Nach der deutschen Einheit radikalisierte sich die NPD zunehmend im Sinne einer national- und sozialrevolutionären Partei und kooperierte eng mit neonazistischen Gruppen, die sich auf gewaltbereite rassistische Strukturen und Subkulturen stützten. Mit ihrer kapitalismuskritischen Selbstdarstellung erreichte sie erstmalig seit 1968 wieder Landtagsmandate in Sachsen (2004 und 2009) und in Mecklenburg-Vorpommern (2006 und 2011). Auf nationaler Ebene war sie allerdings weit davon entfernt, die Fünf-Prozent-Hürde zu überwinden. Mittlerweile befindet sich die NPD in einer tiefen Krise: Zum einen war es ihr wegen ihrer kompromisslosen Systemopposition und ihres NS-nostalgischen und verbalradikalen Auftretens nicht gelungen, dauerhaft Zustimmung von breiteren bürgerlich-konservativen Wählerschichten zu erhalten. Zum anderen ist sie vor allem durch innerparteiliche Konflikte über Personal- und Sachfragen und durch Finanzskandale massiv geschwächt. Auch die Fusion mit der Deutschen Volksunion (DVU) Ende 2010 trug nicht zur Konsolidierung der NPD bei. Gleichwohl ist sie immer noch die stärkste rechtsextreme Partei. Andere orthodoxe Formationen wie "Die Rechte" oder "Der III. Weg" sind gegenwärtig vergleichsweise bedeutungslos.

Auch die gemäßigt rechtsextremen REP stießen nur vorübergehend auf nennenswerte Wählerresonanz: In Berlin (1989) und in Baden-Württemberg (1992 und 1996) gelang ihnen der Einzug in das jeweilige Landesparlament, und 1989 erzielten sie sogar mit über zwei Millionen Stimmen 7,1 Prozent und sechs Mandate im Europaparlament. Obwohl die Partei keine Sympathien für den Nationalsozialismus erkennen ließ, sich mehrheitlich zumeist deutlich vom orthodoxen Rechtsextremismus abgrenzte und verfassungstreu und bieder auftrat, gelang es auch ihr nicht, dauerhaft Wähler in der gesellschaftlichen Mitte zu mobilisieren. Auch die REP waren immer wieder durch Richtungskämpfe geschwächt, zumal dann, wenn sich führende Funktionäre oder einzelne Gruppierungen für eine Zusammenarbeit mit der NPD (und der DVU) aussprachen. Im Laufe der Jahre konnten sich allerdings die rechtskonservativen Kräfte in der mittlerweile unbedeutenden Partei durchsetzen. Seit 2007 werden die REP vom Verfassungsschutz nicht mehr als rechtsextremistisch eingestuft.

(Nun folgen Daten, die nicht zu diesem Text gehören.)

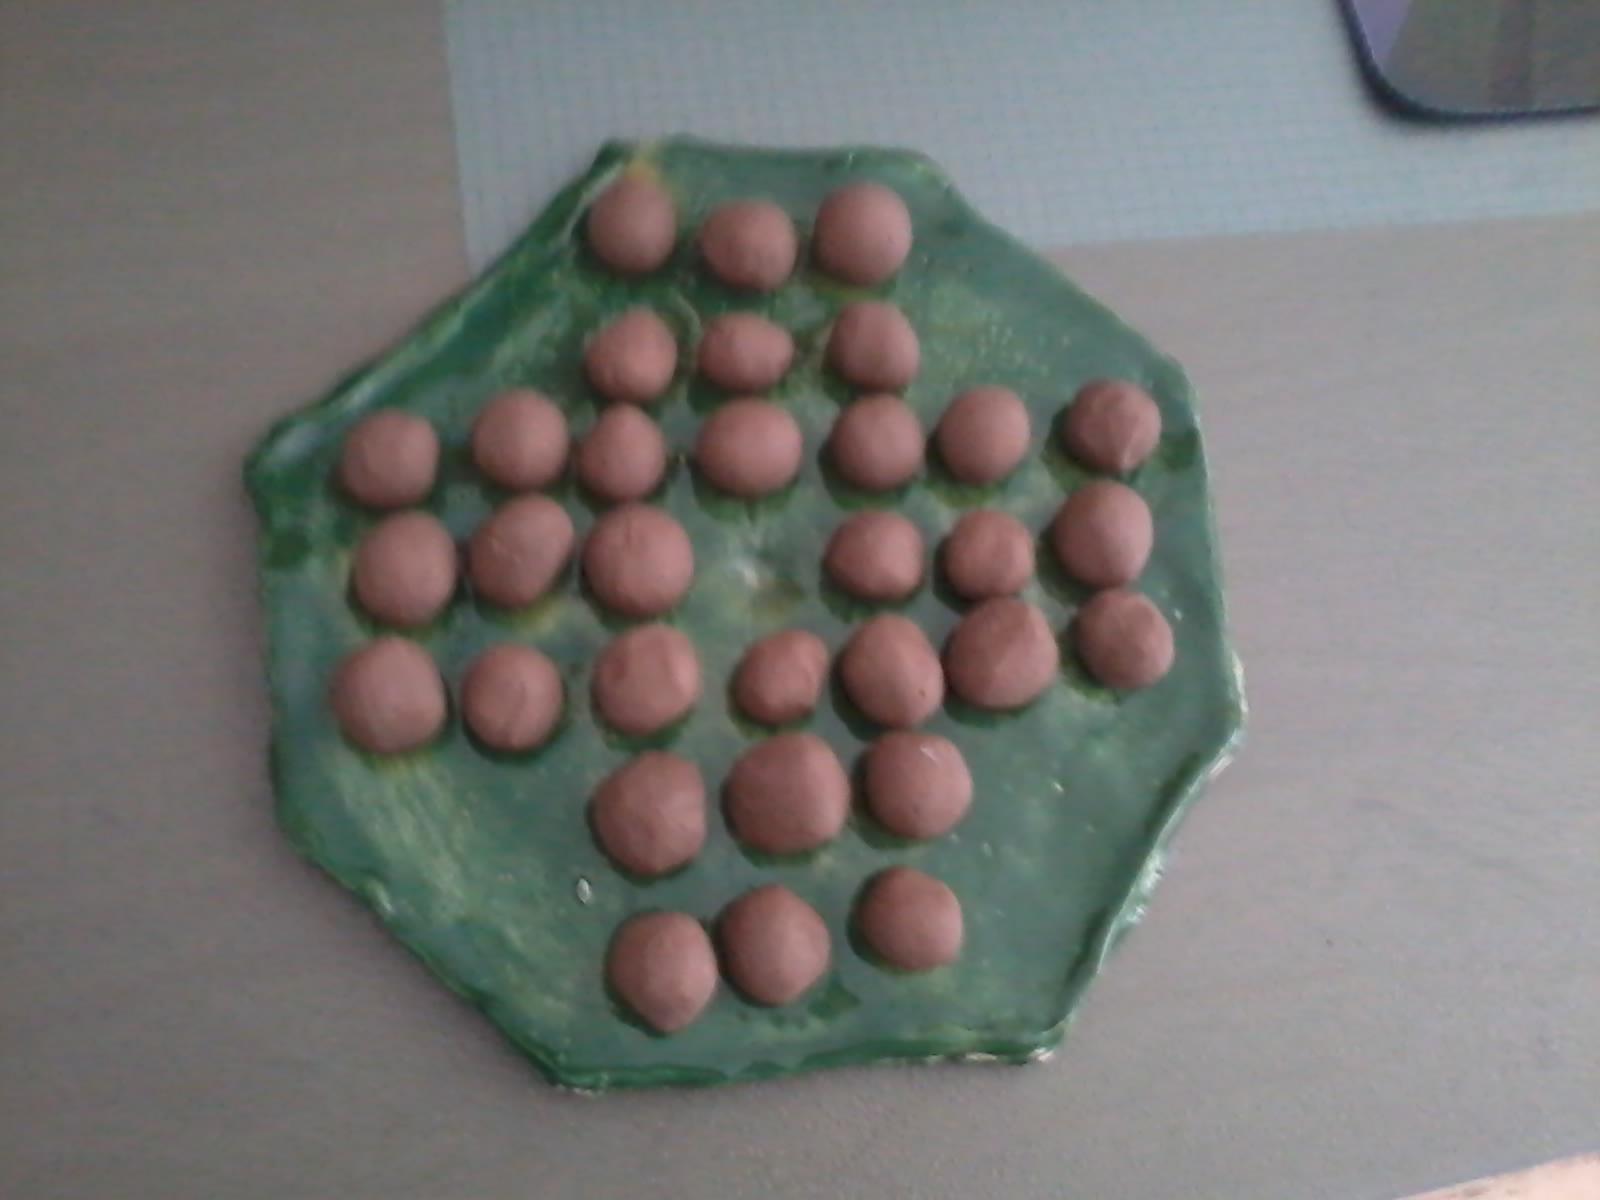 Murmelspiele Kostenlos

Insgesamt ist es weder der NPD noch den REP gelungen, populäre und respektable Personen als Spitzenkandidaten herauszustellen und sich in wichtigen Sachfragen politische Kompetenz und Glaubwürdigkeit zu erarbeiten. All diese Schwächen treffen auch auf die Mitte der neunziger Jahre entstandenen PRO-Gruppierungen (Bürgerbewegung "PRO Köln", "PRO Nordrhein-Westfalen", "PRO Deutschland" etc.) zu. Und dies obwohl sie sich konsequent dem in anderen Ländern Europas so erfolgreichen Konzept des antimuslimischen Rassismus verschrieben haben. Die PRO-Gruppierungen grenzen sich zwar verbal gegenüber dem orthodoxen Rechtsextremismus ab, bemühen sich aber auch um Zulauf von Wählern und Sympathisanten beispielsweise der NPD. Um Unterstützung für ihren gemäßigten Rechtsextremismus werben sie auch bei REP- und (ehemaligen) DVU-Anhängern. Und sie suchen Bündnispartner im europäischen Kontext, so beim belgischen Vlaams Belang (VB) oder bei der Freiheitliche Partei Österreichs (FPÖ). De facto sind also auch hier die Grenzen zum orthodoxen Rechtsextremismus durchlässig.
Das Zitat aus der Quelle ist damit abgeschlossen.